They carefully turned their toes in when they walked,
making so much effort in this matter that it took
a great deal of dancing-school to get their feet back
to the “first position” again; and they
even painted their faces when they were on the war-path.
The rabbits had the worst of it!
The campaign came to a sudden and
disastrous conclusion when the hostile tribes, headed
by Mrs. Robertson, descended in force upon the devoted
band, because Chingachgook broke one of Hawk-Eye’s
front teeth with an arrow, aimed at the biggest of
the rabbits, which was crouching by the side of the
roots of the grape-vine, and playing that he was a
panther of enormous size.
Johnny Robertson and The Boy had one
great superstition to wit, Cracks!
For some now inexplicable reason they thought it unlucky
to step on cracks; and they made daily and hourly
spectacles of themselves in the streets by the eccentric
irregularity of their gait. Now they would take
long strides, like a pair of ostriches, and now short,
quick steps, like a couple of robins; now they would
hop on both feet, like a brace of sparrows; now they
would walk on their heels, now on their toes; now
with their toes turned in, now with their toes turned
out at right angles, in a splay-footed
way; now they would walk with their feet crossed,
after the manner of the hands of very fancy, old-fashioned
piano-players, skipping from base to treble over
cracks. The whole performance would have driven
a sensitive drill-sergeant or ballet-master to distraction.
And when they came to a brick sidewalk they would
go all around the block to avoid it. They could
cross Hudson Street on the cobblestones with great
effort, and in great danger of being run over; but
they could not possibly travel upon a brick pavement,
and avoid the cracks. What would have happened
to them if they did step on a crack they did
not exactly know. But, for all that, they never
stepped on cracks of their own free will!
The Boy’s earliest attempts
at versification were found, the other day, in an
old desk, and at the end of almost half a century.
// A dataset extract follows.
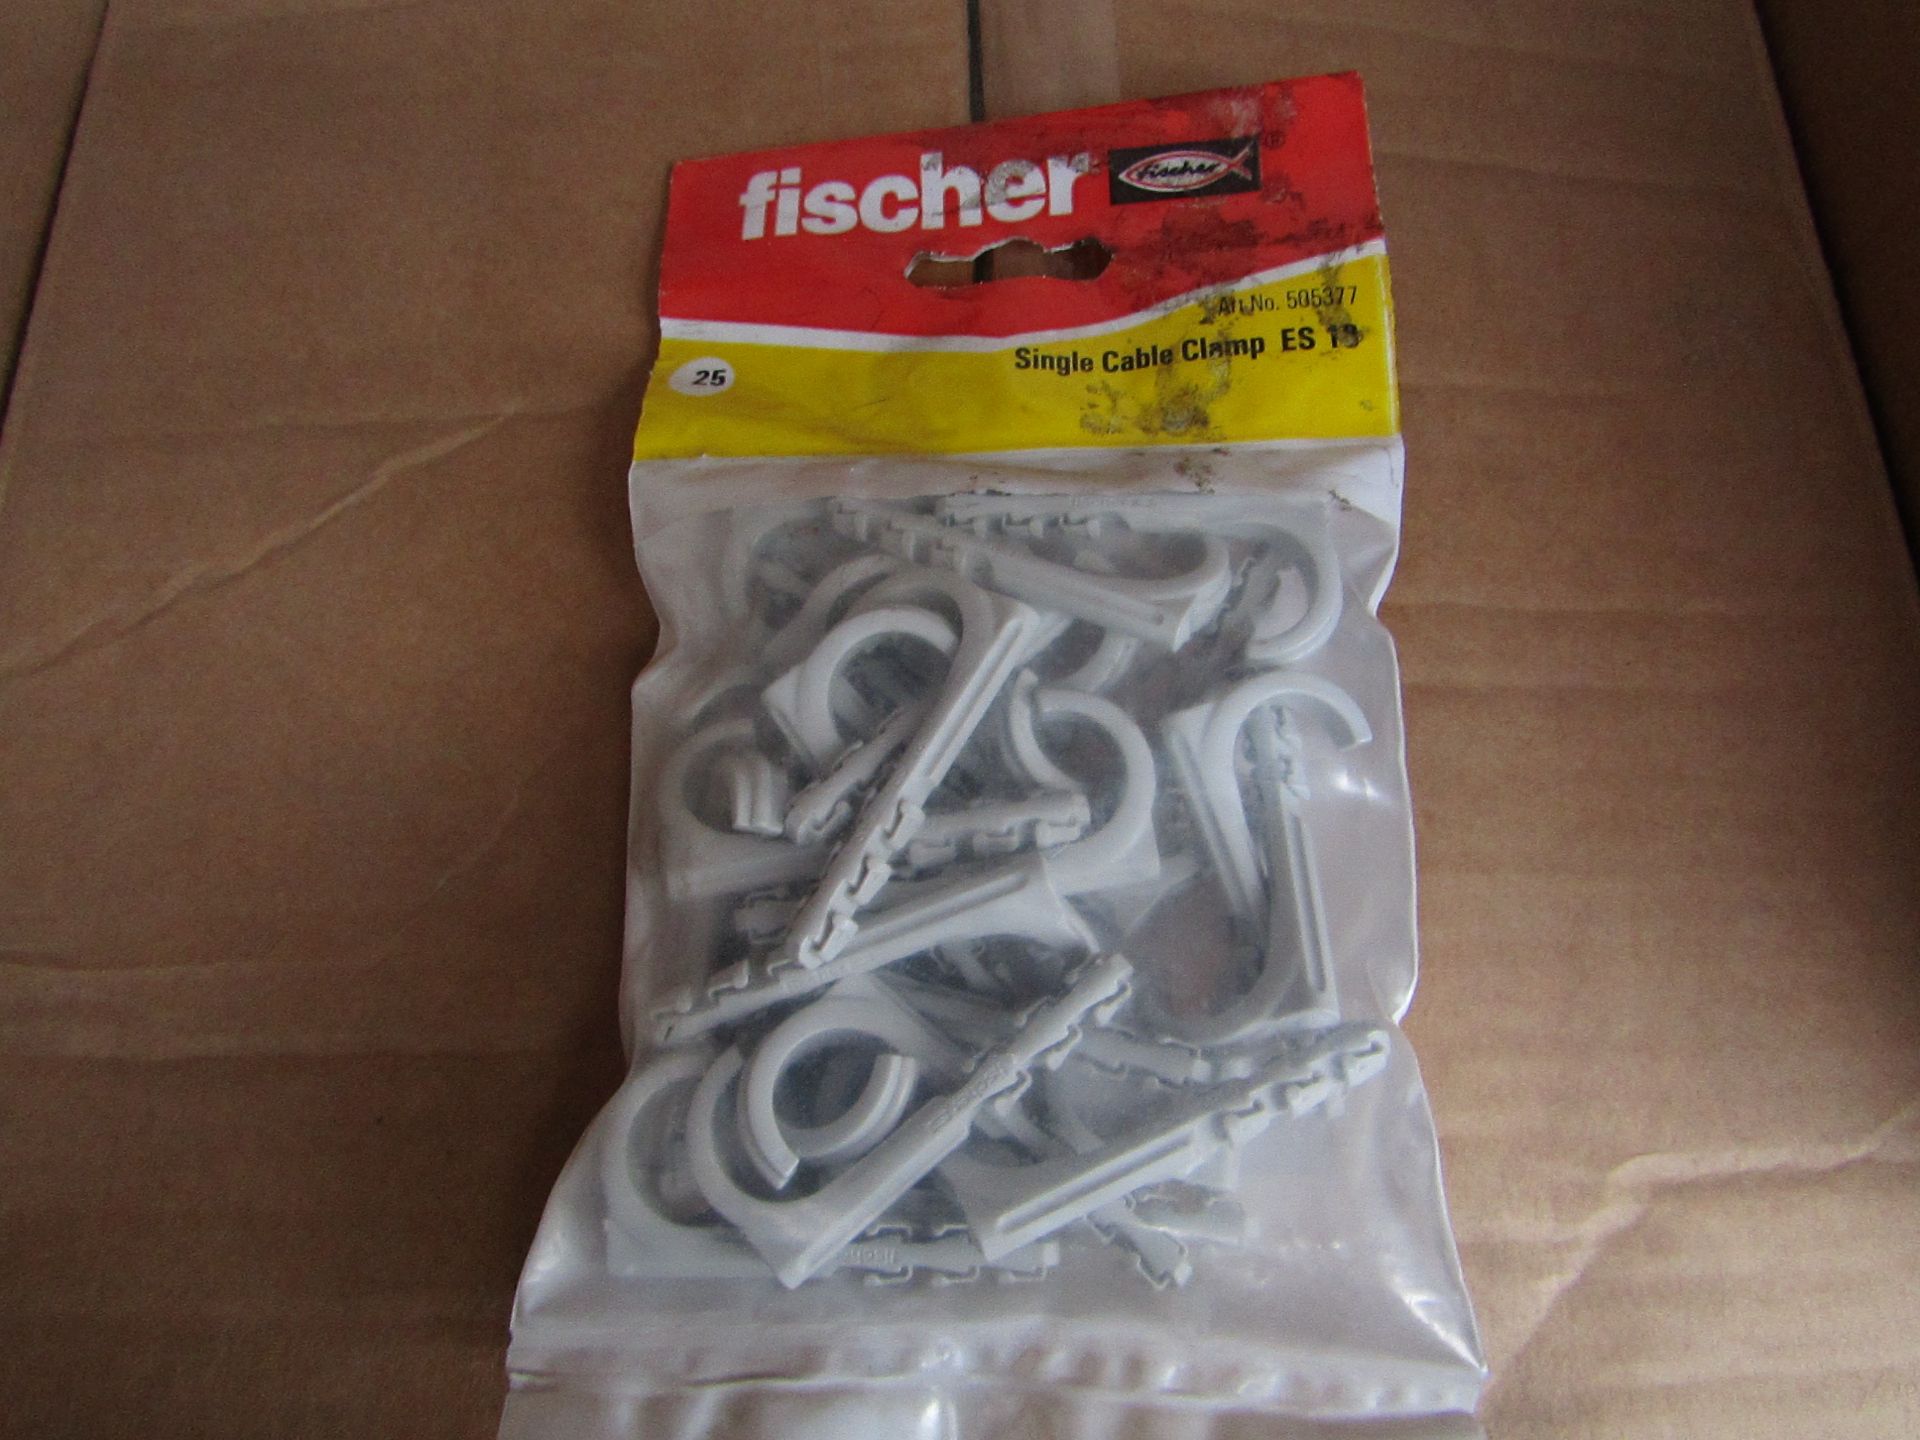 16x Fischer - Single Cable Clamp ES 18 - (Packs of 25) - New & Packaged.

The copy is in his own boyish, ill-spelled print;
and it bears no date. The present owner, his
aunt Henrietta, well remembers the circumstances and
the occasion, however, having been an active participant
in the acts the poem describes, although she avers
that she had no hand in its composition. The
original, it seems, was transcribed by The Boy upon
the cover of a soap-box, which served as a head-stone
to one of the graves in his family burying-ground,
situated in the back-yard of the Hudson Street house,
from which he was taken before he was nine years of
age. The monument stood against the fence, and
this is the legend it bore rhyme, rhythm,
metre, and orthography being carefully preserved:
“Three little kitens of our
old cat
Were berrid this day in this
grassplat.
They came to there deth in
an old slop pale,
And after loosing their breth
They were pulled out by the
tale.
These three little kitens
have returned to their maker,
And were put in the grave
by The Boy,
Undertaker.”
At about this period The Boy officiated
at the funeral of another cat, but in a somewhat more
exalted capacity. It was the Cranes’ cat,
at Red Hook a Maltese lady, who always
had yellow kittens. The Boy does not remember
the cause of the cat’s death, but he thinks that
Uncle Andrew Knox ran over her, with the “dyspepsia-wagon” so
called because it had no springs. Anyway, the
cat died, and had to be buried. The grave was
dug in the garden of the tavern, near the swinging-gate
to the stable, and the whole family attended the services.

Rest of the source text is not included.